Our internal engineer team has concluded that the output of this question is correct.

Meaning there is no error in 1000%(-9)=-8
I'm confused.

Manumit
  • 203
  • I have read it all, maybe I missed something? most of the discussion revolves around -a mod b which gives -1000%9=8 – Manumit Sep 01 '15 at 12:13
  • Whoops! My mistake.... –  Sep 01 '15 at 12:17
  • 1
    Note: $-8 \pmod{-9}\equiv 1 \pmod {-9}$ – gammatester Sep 01 '15 at 12:18
  • 2
    I'll assume you want $a$ and $b$ to be integers, $b>0$. $a\bmod{-b}$ means whatever we agree it means. If we don't all agree, then it means different things to different people. Most people have no use for a negative modulus, so it's fine for them to say it doesn't mean anything. If I had to define it, I'd define it to be the same as $a\bmod b$. – Gerry Myerson Sep 01 '15 at 12:22
  • 1
    The result of mod-ing a negative number is not consistent among programming languages: https://en.wikipedia.org/wiki/Modulo_operation – peterwhy Sep 01 '15 at 12:43
  • Maple. For "77 mod (-25)" it returns "2" ... I don't know why you thought Maple did not do this. Of course the character "%" has a completely different meaning in Maple. – GEdgar Sep 01 '15 at 14:19

1 Answers1

4

This is a matter of convention.

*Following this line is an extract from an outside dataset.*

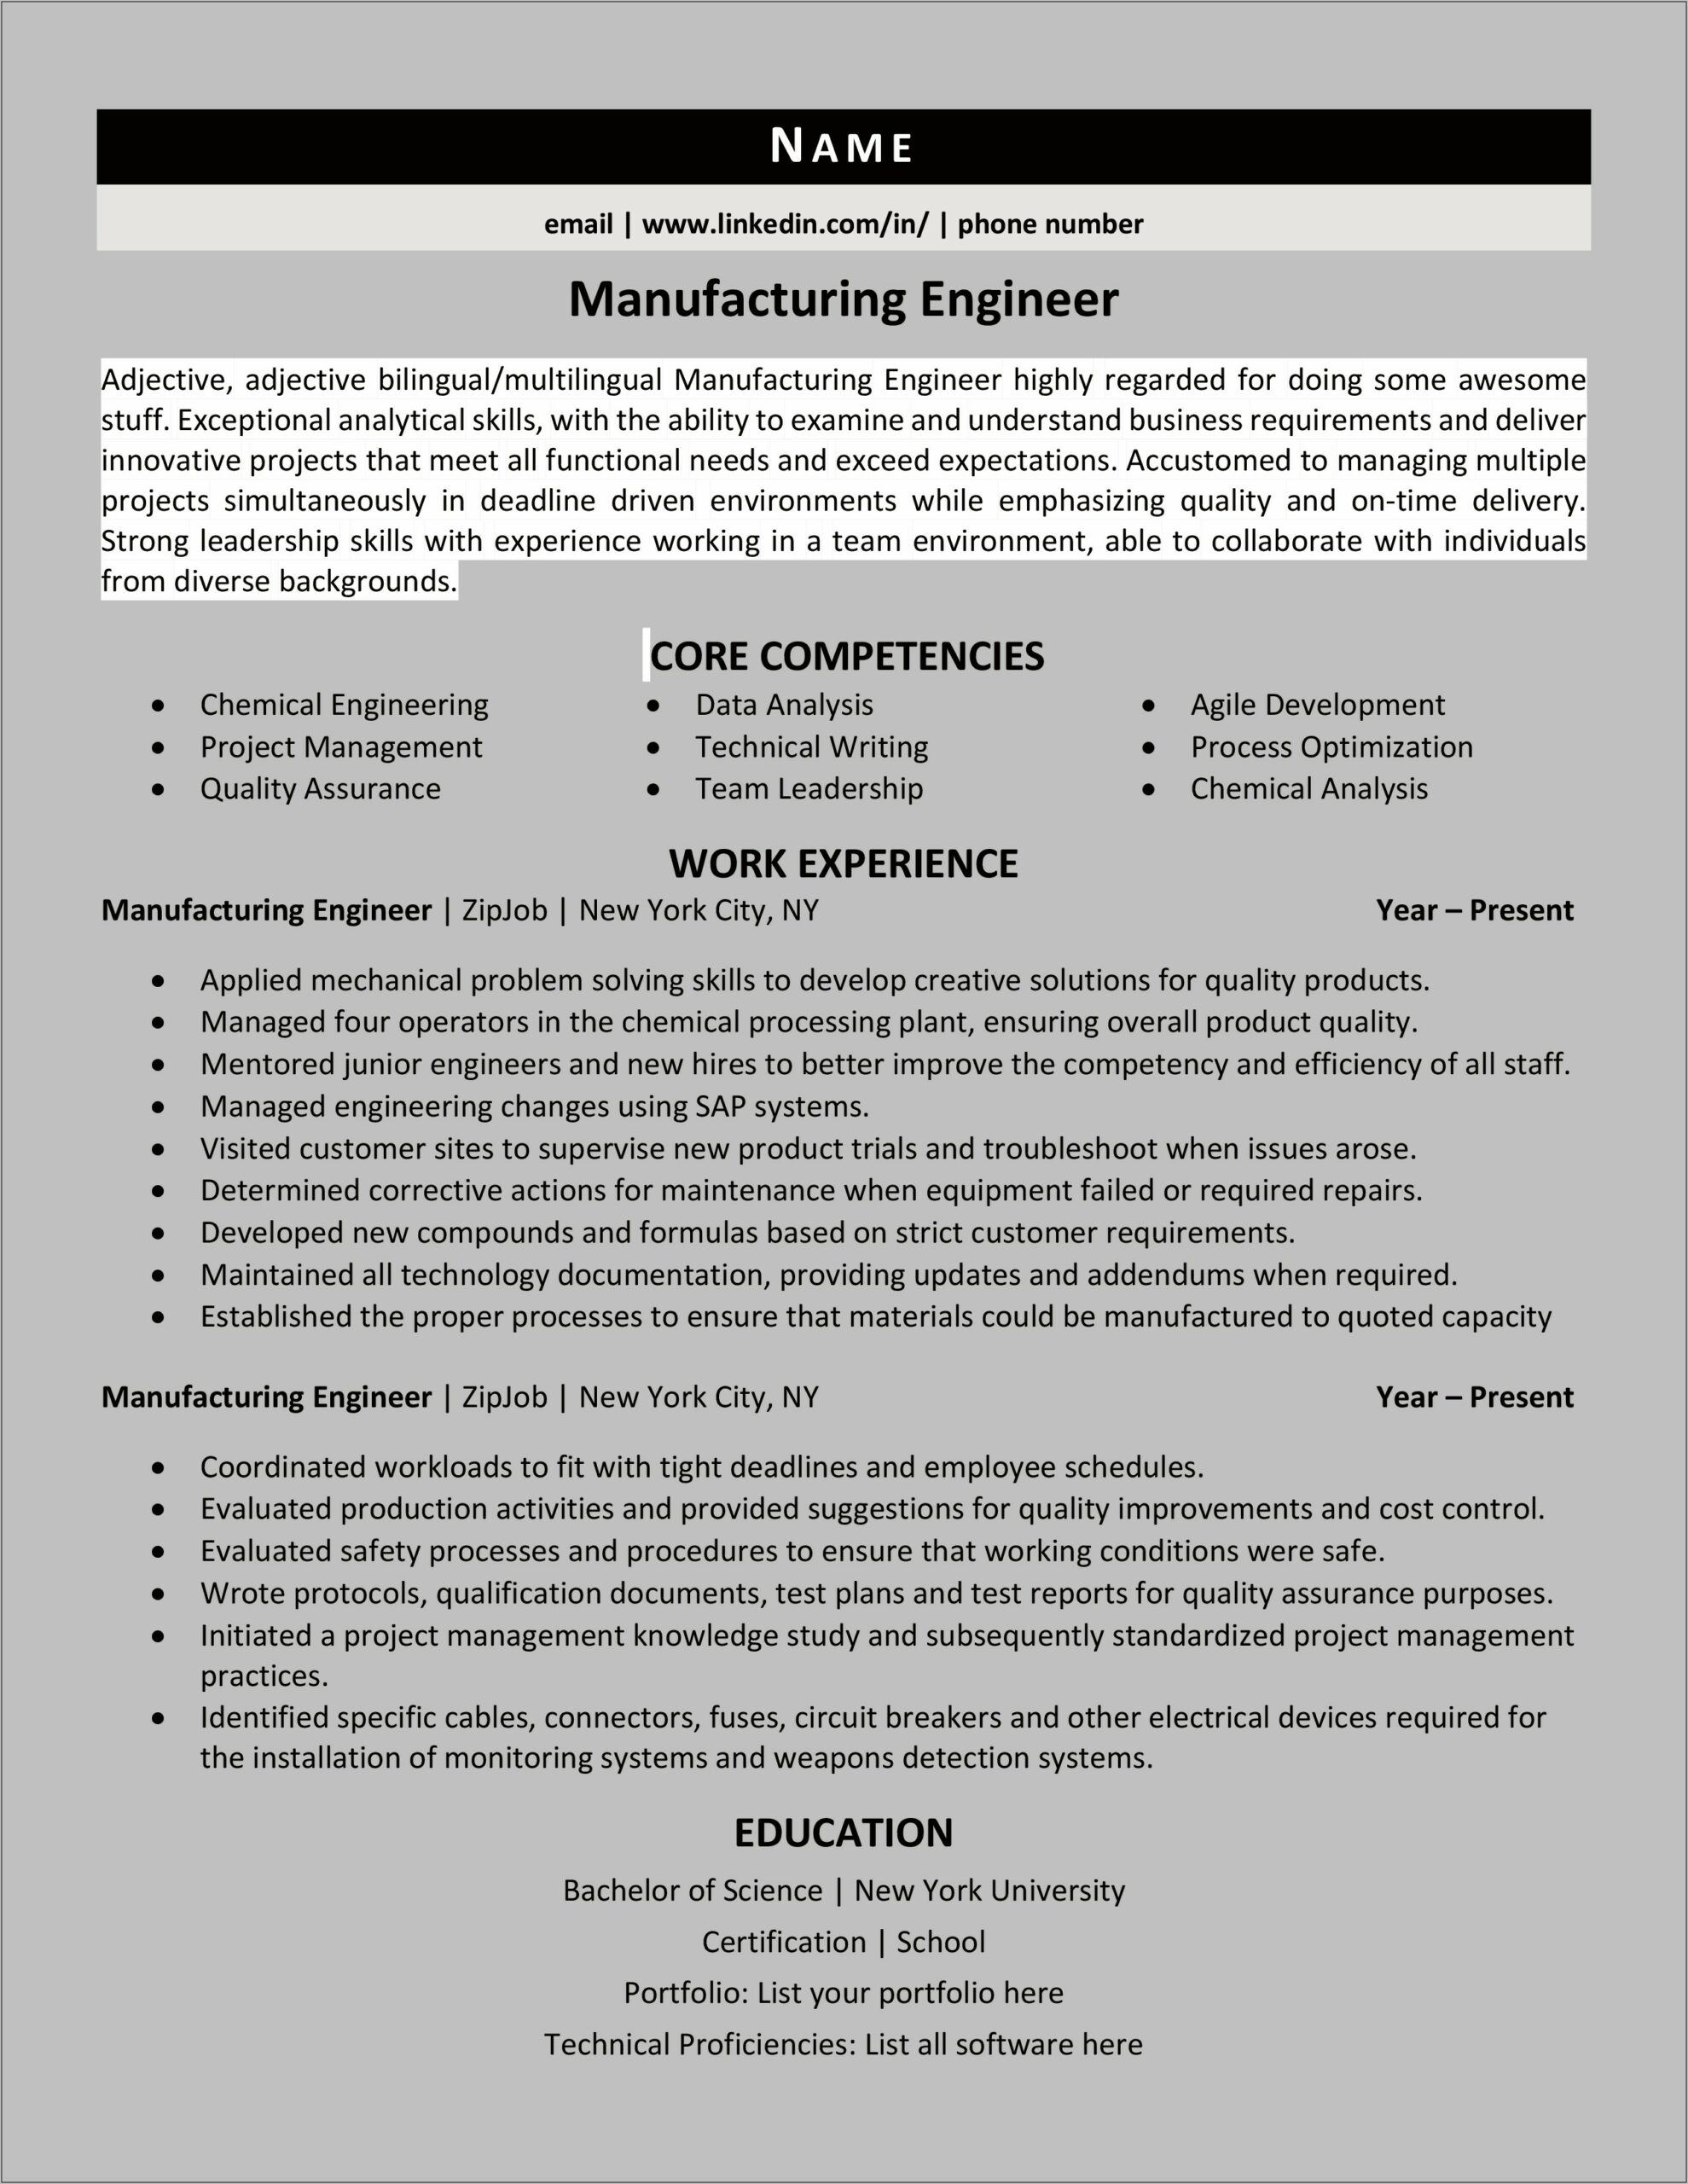 Manufacturing Skills And Abilities Resume

Usually the binary mod you write is "the remainder" (in a specified interval) when doing Euclidean division.

For integers (no assumption on positivity) $n,m$ with $m \neq 0$ I tend to define Euclidean division so that $n = q m +r$ with integers $q,r$ and $0 \le r \le |m|-1$, so the remainder is always positive.

Then $1000 \bmod -9$ makes perfect sense yet it would be $1$ not $-8$.

Others prefer different conventions, namely they take the remainder "between" $m$ and $0$ so it is positive (or zero) for positive $m$ and negative for negative (or zero) for negative $m$. This is what Wolfram|Alpha does.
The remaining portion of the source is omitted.